In [32]: %timeit pp.nestedExpr().parseString(data).asList()
1000 loops, best of 3: 1.09 ms per loop
In [33]: %timeit NestedParser().parse(data)
1000 loops, best of 3: 234 us per loop
and around 28x faster for larger strings:
对于较大的字符串,速度大约快 28 倍:
In [44]: %timeit pp.nestedExpr().parseString('({})'.format(data*10000)).asList()
1 loops, best of 3: 8.27 s per loop
In [45]: %timeit NestedParser().parse('({})'.format(data*10000))
1 loops, best of 3: 297 ms per loop
回答by Il-Bhima
Python doesn't support recursion in regular expressions. So equivalents to .NET's balancing groups or PCRE regex in Perl are not immediately possible in Python.
Python 不支持正则表达式中的递归。因此,在 Python 中无法立即实现 Perl 中的 .NET 平衡组或 PCRE 正则表达式。
Like you said yourself: this is NOT a problem you should really be solving with a single regex.
就像您自己说的:这不是您真正应该使用单个正则表达式解决的问题。
回答by edef
I'd recommend removing the nesting from the regex itself, looping through the results and performing regexes on that.

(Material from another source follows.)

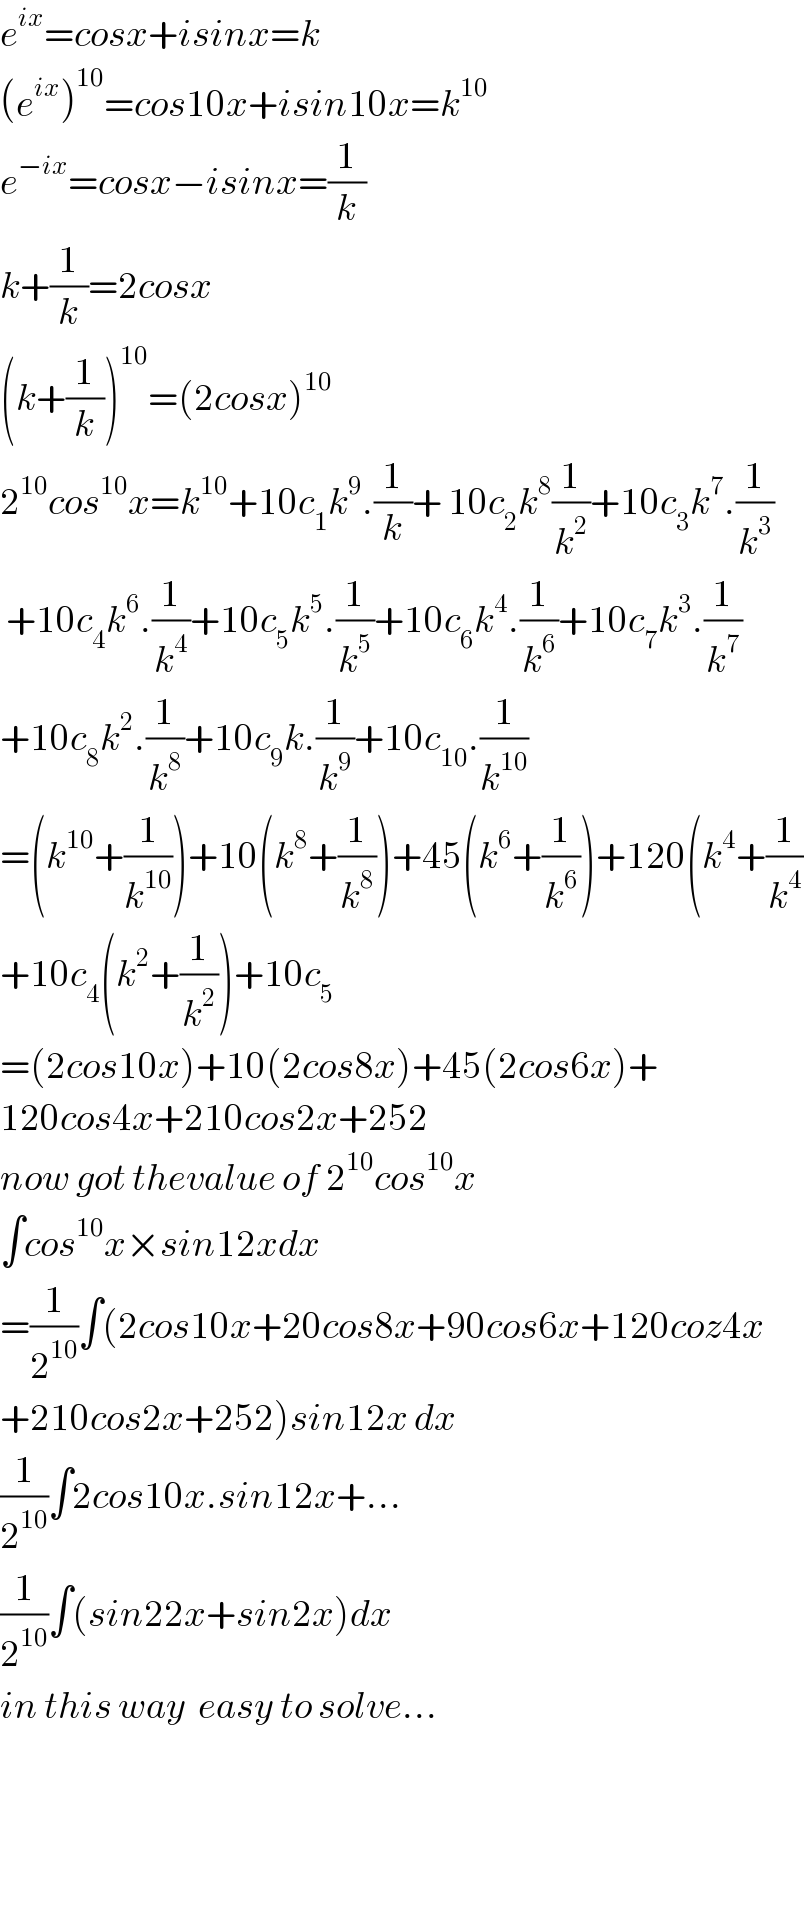 e^(ix) =cosx+isinx=k  (e^(ix) )^(10) =cos10x+isin10x=k^(10)   e^(−ix) =cosx−isinx=(1/k)  k+(1/k)=2cosx  (k+(1/k))^(10) =(2cosx)^(10)   2^(10) cos^(10) x=k^(10) +10c_1 k^9 .(1/k)+ 10c_2 k^8 (1/k^2 )+10c_3 k^7 .(1/k^3 )   +10c_4 k^6 .(1/k^4 )+10c_5 k^5 .(1/k^5 )+10c_6 k^4 .(1/k^6 )+10c_7 k^3 .(1/k^7 )  +10c_8 k^2 .(1/k^8 )+10c_9 k.(1/k^9 )+10c_(10) .(1/k^(10) )  =(k^(10) +(1/k^(10) ))+10(k^8 +(1/k^8 ))+45(k^6 +(1/k^6 ))+120(k^4 +(1/k^4 )  +10c_4 (k^2 +(1/k^2 ))+10c_5   =(2cos10x)+10(2cos8x)+45(2cos6x)+  120cos4x+210cos2x+252  now got thevalue of 2^(10) cos^(10) x  ∫cos^(10) x×sin12xdx  =(1/2^(10) )∫(2cos10x+20cos8x+90cos6x+120coz4x  +210cos2x+252)sin12x dx  (1/2^(10) )∫2cos10x.sin12x+...  (1/2^(10) )∫(sin22x+sin2x)dx  in this way  easy to solve...

我建议从正则表达式本身中删除嵌套,遍历结果并对其执行正则表达式。
回答by Vinay Sajip
Are you talking about recursion? It's not clear from your question. An example:
你说的是递归吗?从你的问题看不清楚。一个例子:
ActivePython 2.6.1.1 (ActiveState Software Inc.) based on
Python 2.6.1 (r261:67515, Dec 5 2008, 13:58:38) [MSC v.1500 32 bit (Intel)] on
win32
Type "help", "copyright", "credits" or "license" for more information.
>>> import re
>>> p = re.compile(r"((\w+((\d+)[.;]))(\s+)\d)")
>>> m = p.match("Fred99. \t9")
>>> m
<_sre.SRE_Match object at 0x00454F80>
>>> m.groups()
('Fred99. \t9', 'Fred99.', '9.', '9', ' \t')
This shows matching of nested groups. The numbering of groups depends on the order in which their opening parenthesis occurs in the pattern.
这显示了嵌套组的匹配。组的编号取决于它们的左括号在模式中出现的顺序。